DATA FOR REVIEW START

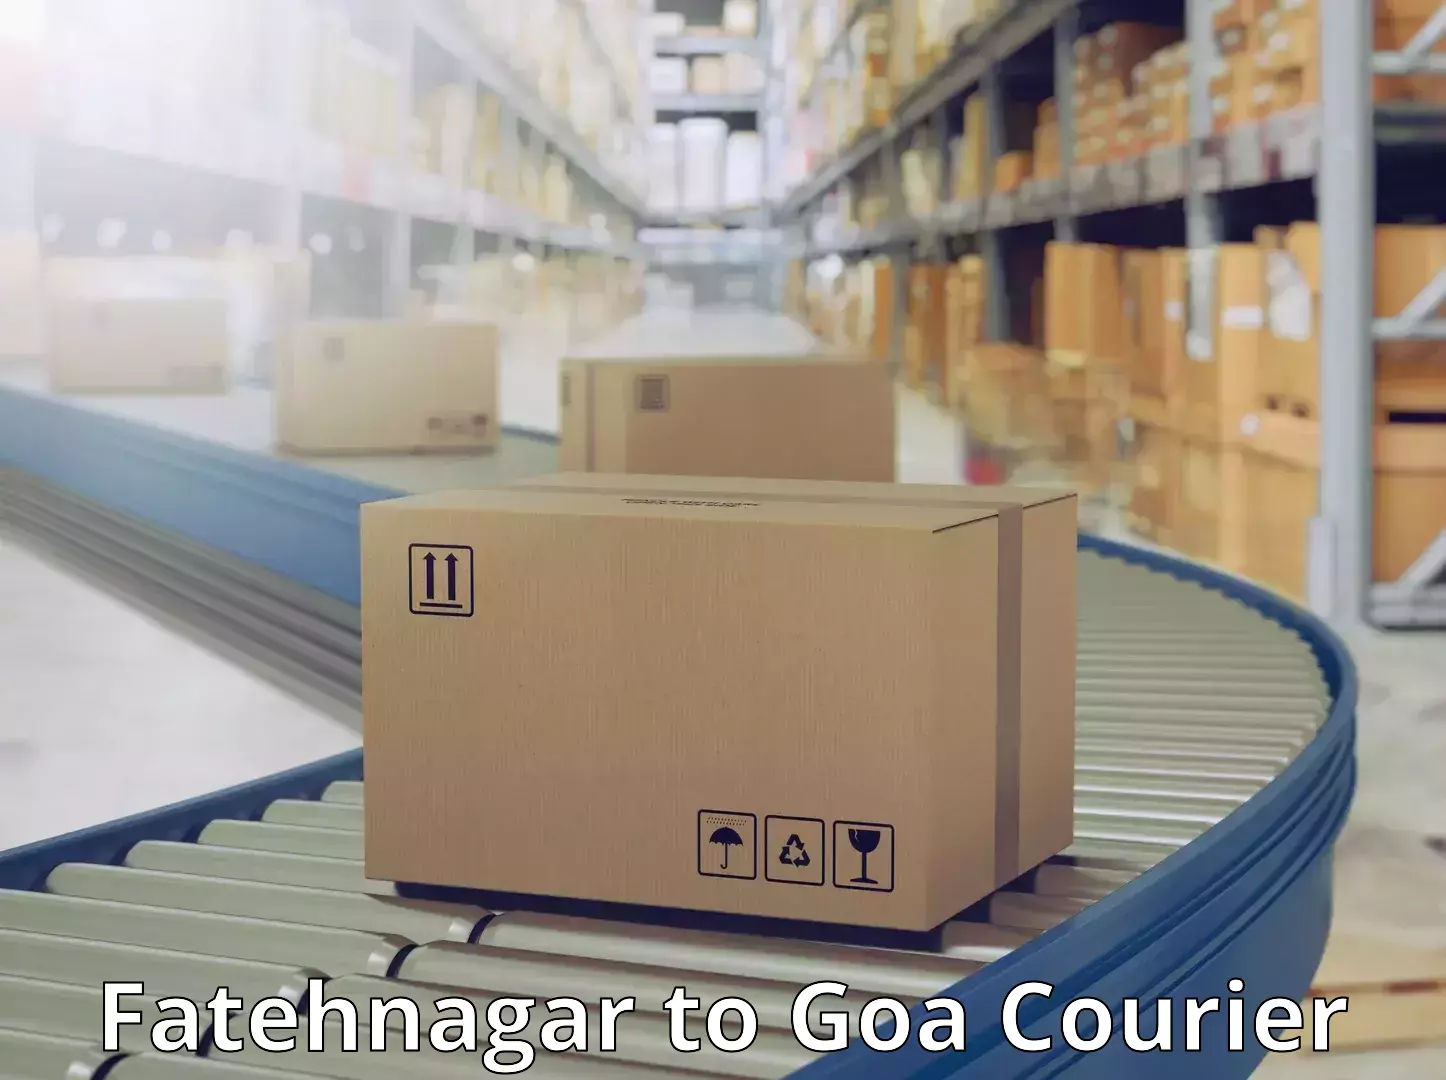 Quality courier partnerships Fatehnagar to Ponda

DATA FOR REVIEW END
DATA FOR REVIEW START

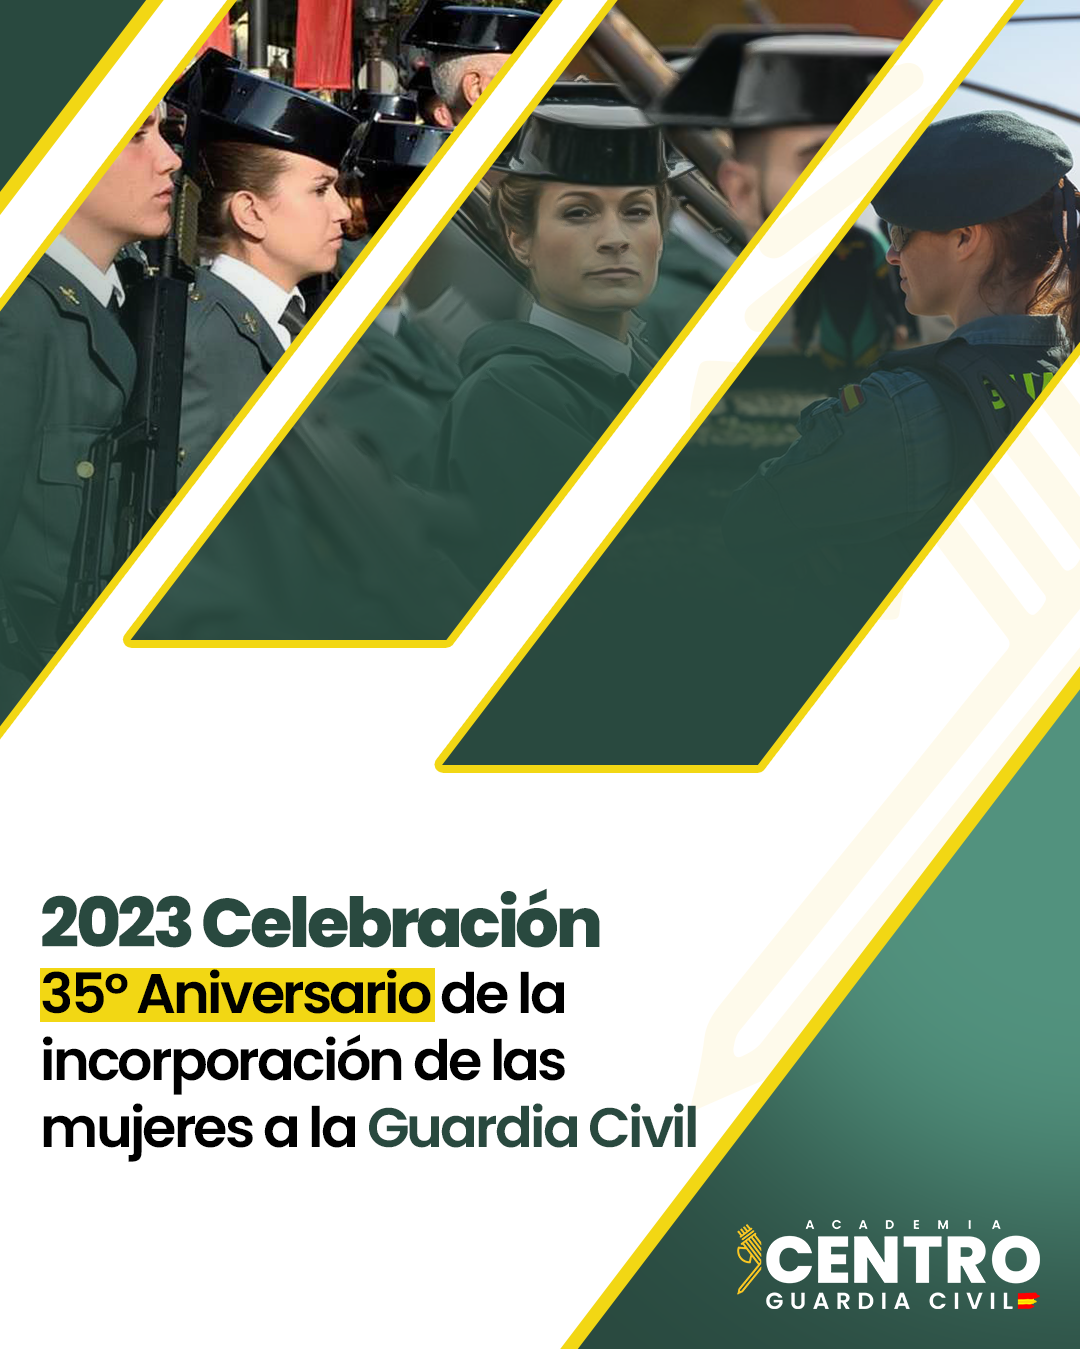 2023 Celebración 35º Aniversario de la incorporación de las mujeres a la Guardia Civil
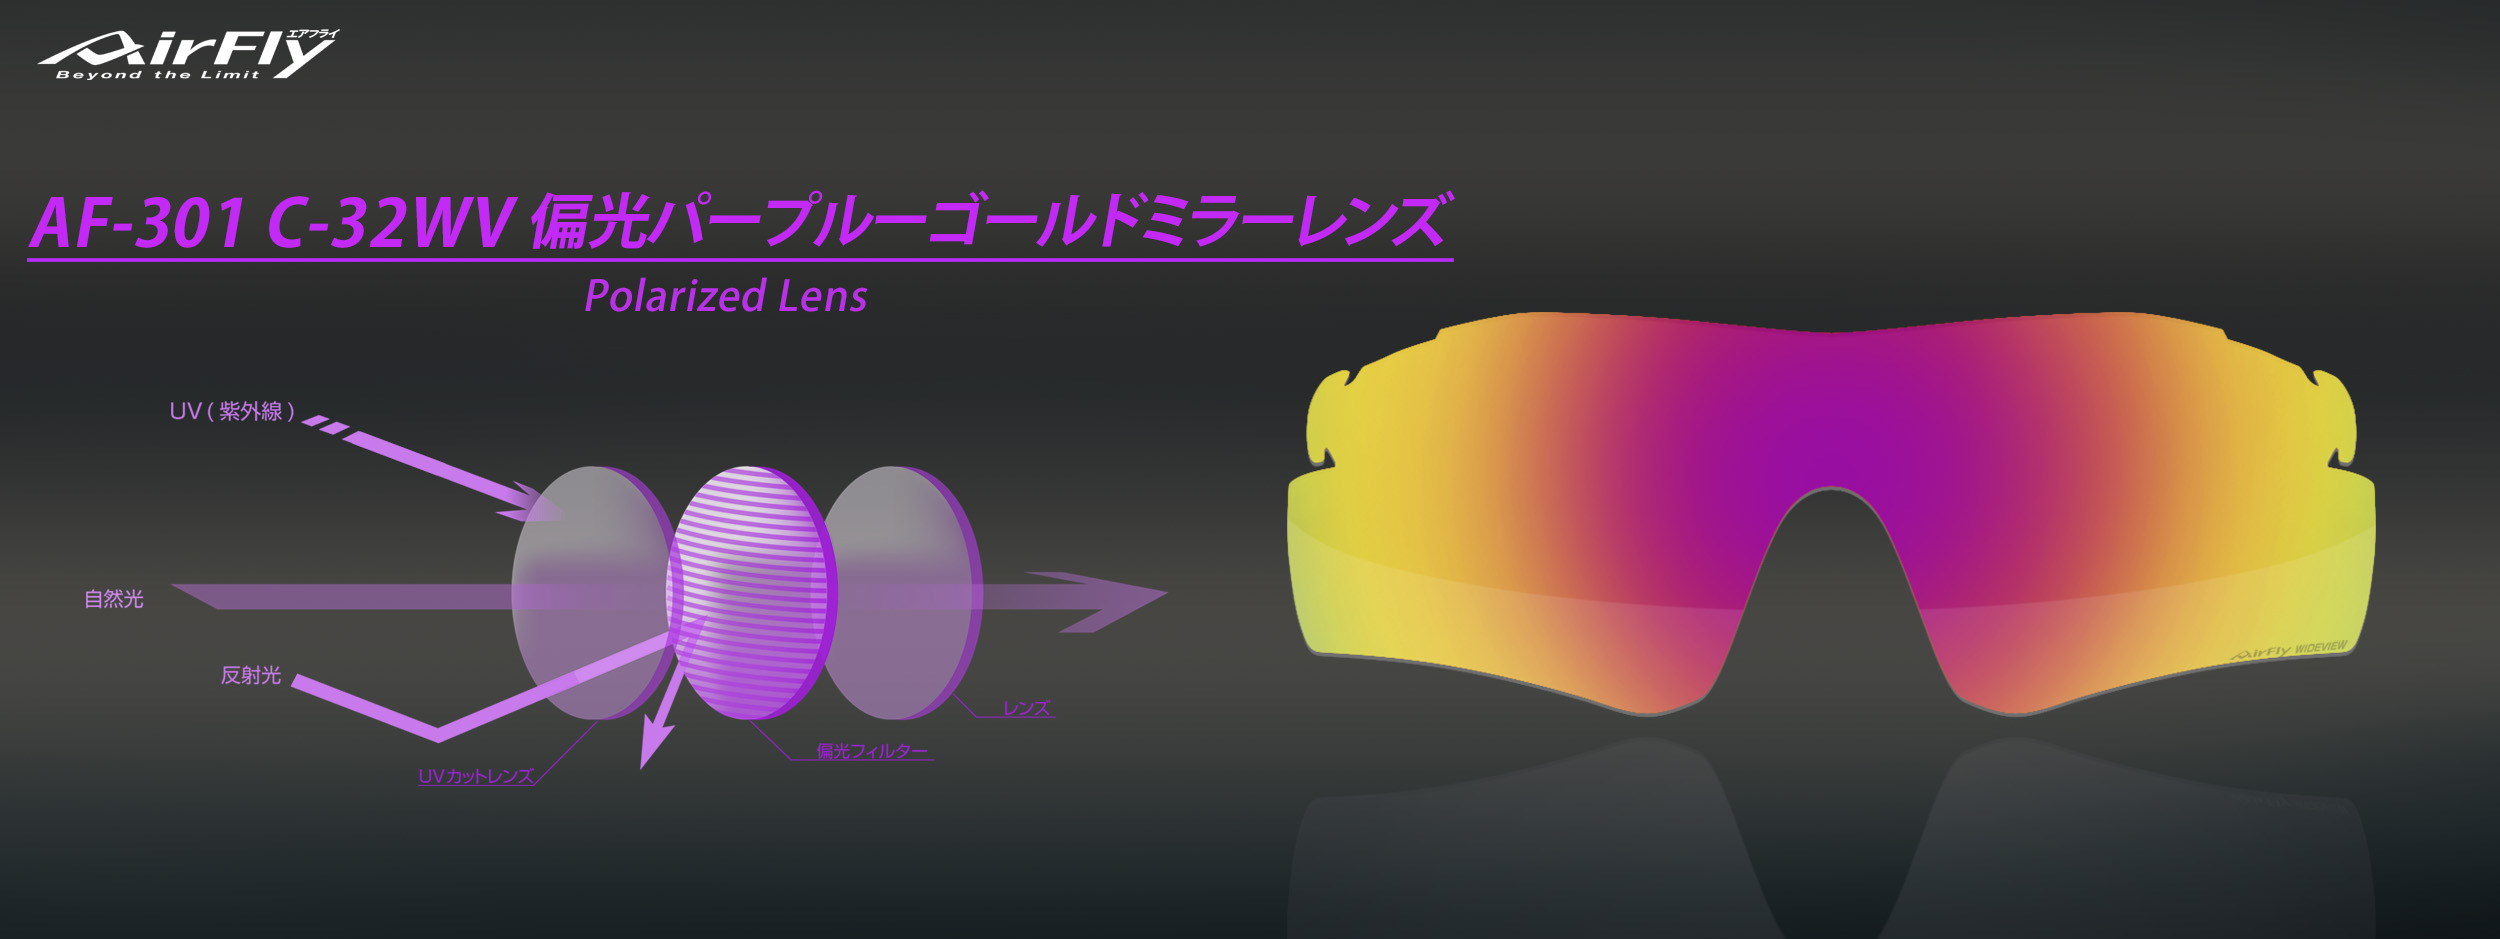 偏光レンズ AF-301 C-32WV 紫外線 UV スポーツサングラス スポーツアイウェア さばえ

DATA FOR REVIEW END

Only the lines between the one with "2023 Celebración 35º" and the one with "偏光レンズ AF-301 C-32WV", those two included, get copied from the material above. Keep it exact and free of pictures.

 2023 Celebración 35º Aniversario de la incorporación de las mujeres a la Guardia Civil
 偏光レンズ AF-301 C-32WV 紫外線 UV スポーツサングラス スポーツアイウェア さばえ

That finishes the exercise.